Народ перестал петь, в деревнях замолчали уже к концу весны пятнадцатого года.
В мае-июне мы потеряли почти всю Галицию, все, что было захвачено во время наступления, что обрадовало нас количеством пленных австрияков и взятых пушек, а к июлю потеряли почти целых двенадцать губерний. Война приближалась к Западной Двине.
— Старик-то наш, — сказал Платошка, — прочитал газеты и заплакал.
Ясно было одно: становилось там все хуже, настроение было такое, что некуда себя деть, у мамы все из рук валится.
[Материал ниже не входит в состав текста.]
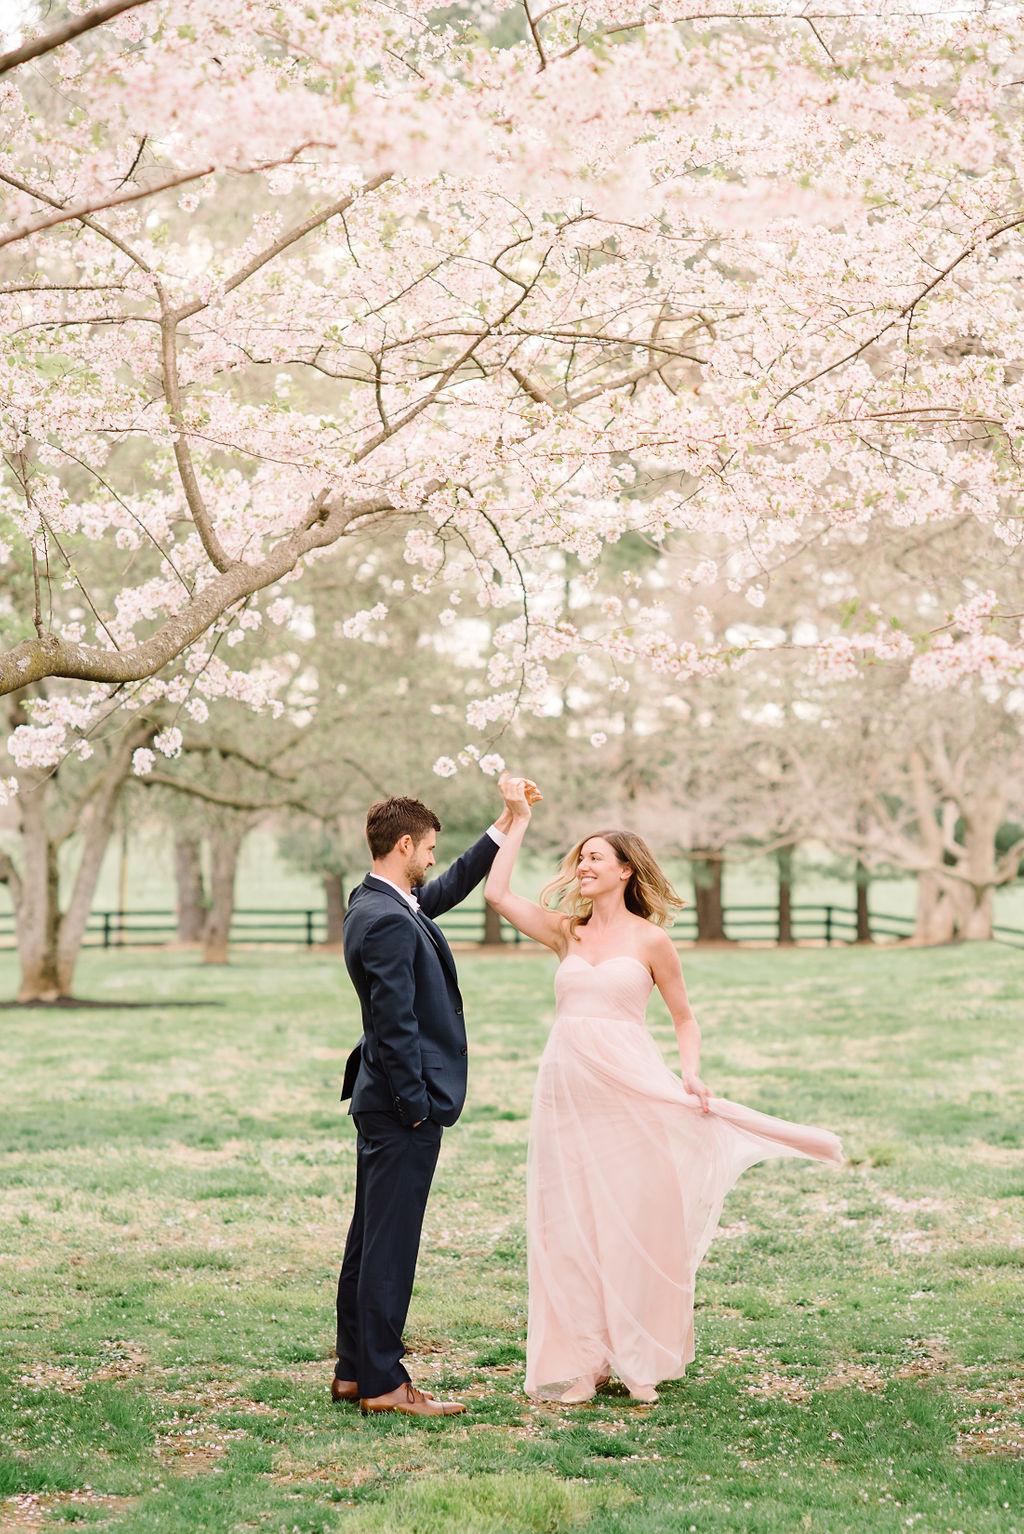 KrystaNormanPhotography_MandyChris_CherryBlossoms-21.jpg
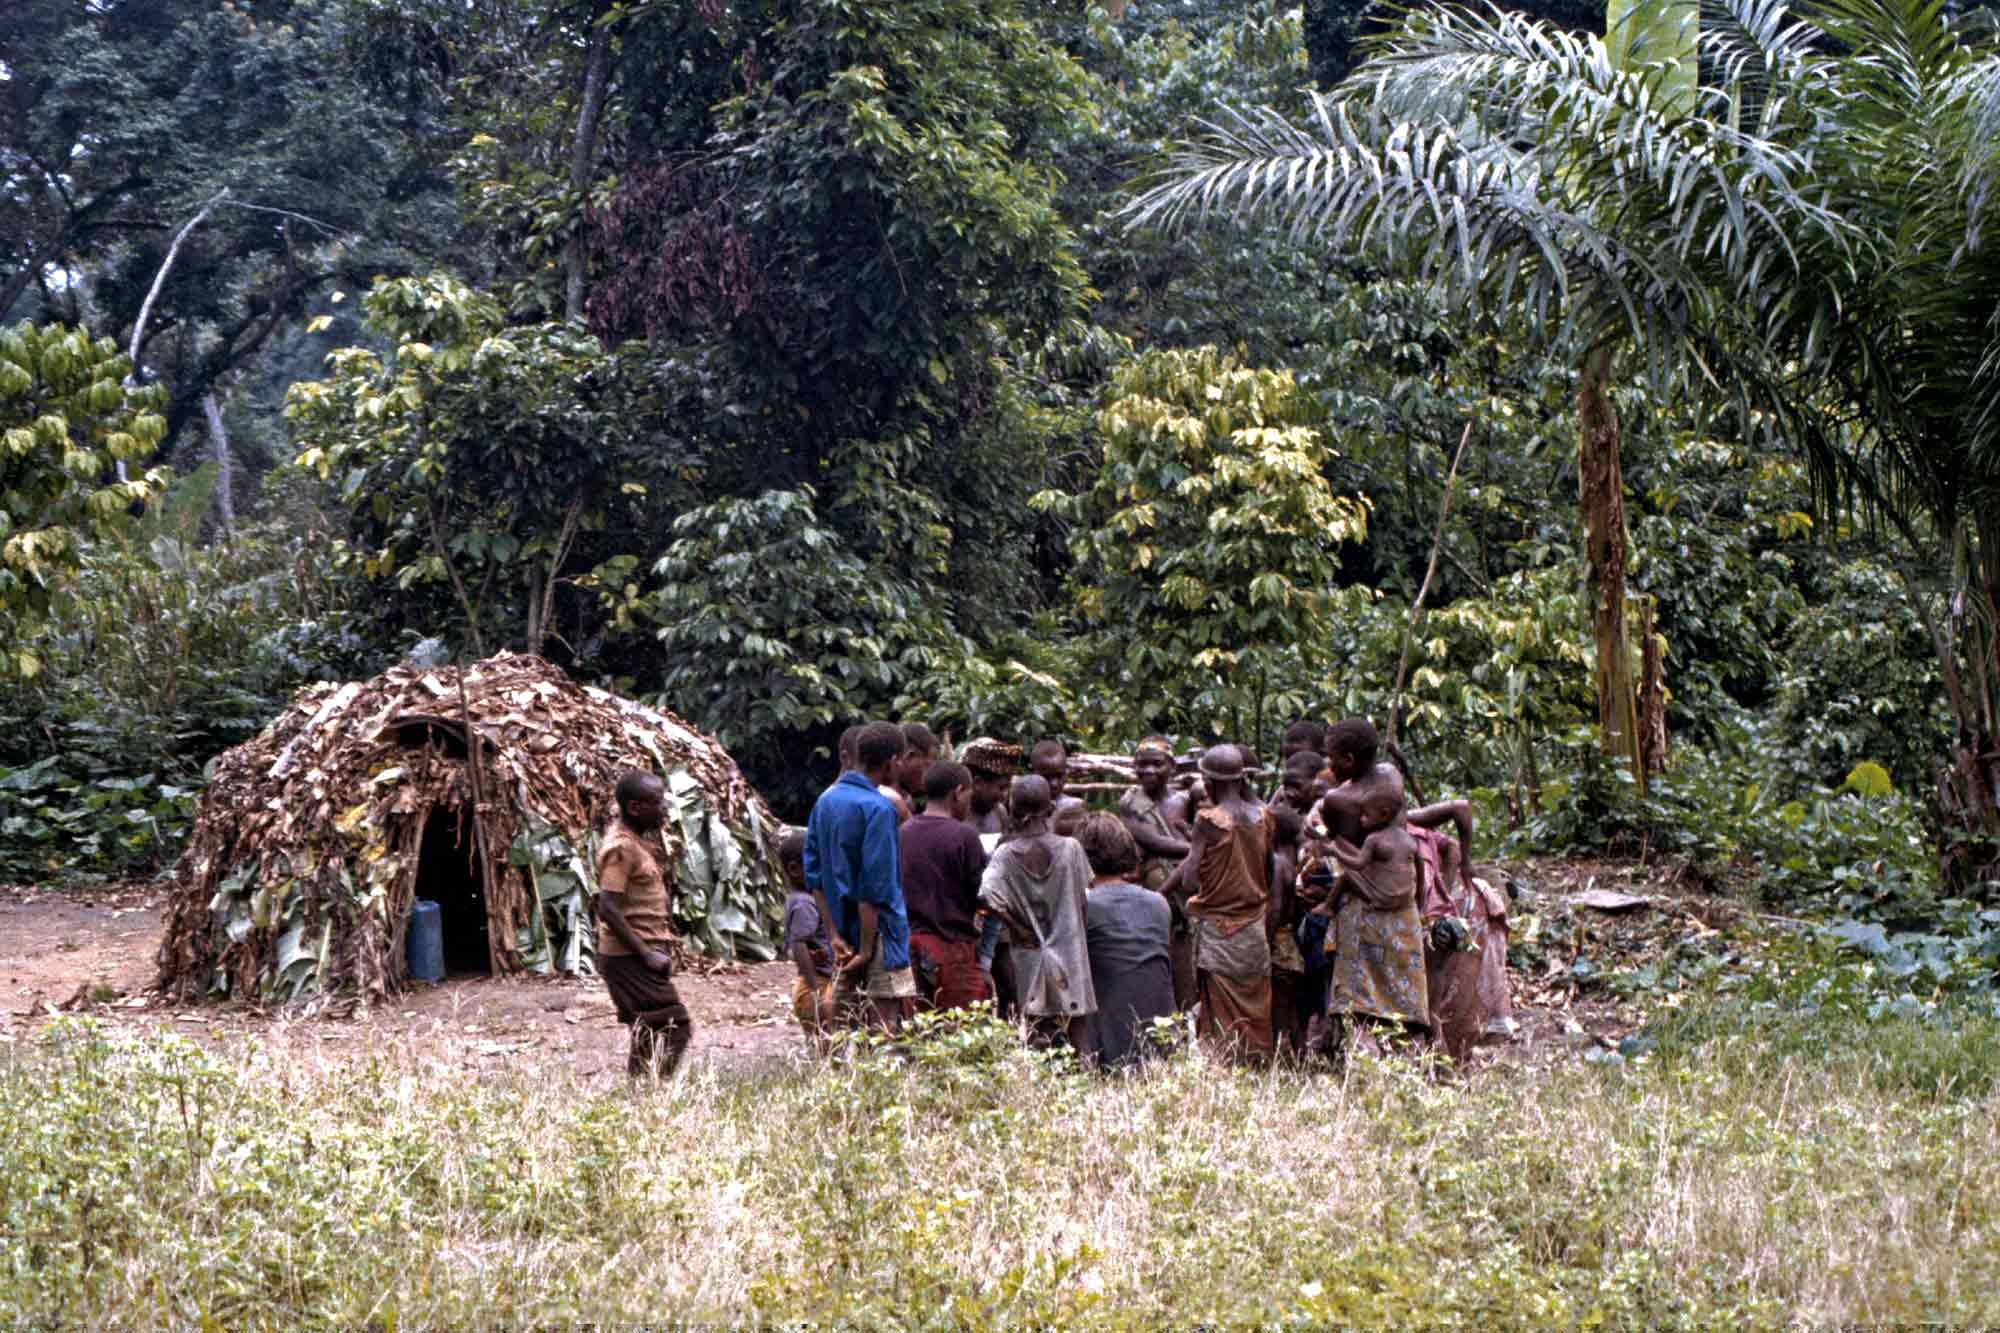 pygmees-congo-jungle-africa

В июле брат командовал батальоном, а я на эвакуационном пункте работал с всегда недовольным, растрепанным и очень сердитым Толей, собирал сведения, писал письма. Помню, подбежал мальчишка:
— Нашел одного из наших. Говорит, батальона капитана Косицкого.
— Ну, спасибо, — и мы окружили этого ефрейтора около вагона. Он, как бы оправдываясь, смущенно нам, ребятам, говорил: «Да что, уступаем. Тут мученичество, а не бои. У нас нехватка всего, патронов, и тех мало, да что говорить — посылаем часто солдат собирать патроны из подсумков убитых. Придет пополнение, и этих необученных в часть вливают, а у немцев проволока толстая, и нет ни ножниц достаточного количества для ее резки, ни для ее подрыва ручных гранат. Я своих повел, а до проволоки и не дошел. Да и как добежать: земля дрожит от огня, а мы — как оглашенные, ничего уж больше прибывшие не понимают. Телефонную связь все время снаряды рвут, а мы отвечать на такой огонь не можем», — рассказывал он и прикуривал. Правая рука у него была прострелена, а он — меж колен зажав спичечный коробок.
— Испытание, горе великое, — часто говорила мама, — всенародное горе.
«Мы все страшно устали, — первый раз откровенно написала Зоя, — бедная Кира, она просыпалась от замирания сердца. Сядет на койку, „ох, — скажет, — там опять тяжело“. — Да что ты, успокойся. — И действительно, Кира оказывалась права: сестры по часам проверяли, утром мы узнавали, что ночью был трудный бой. — Ты только подумай, как она связана с Ваней и в каком напряжении живет, даже во сне чувствует, когда ему тяжело. Она живет только им и работой, а ведь каждый день потери и кругом такое страдание — раздробленные кости, порванные осколками мускулы, выбитые глаза».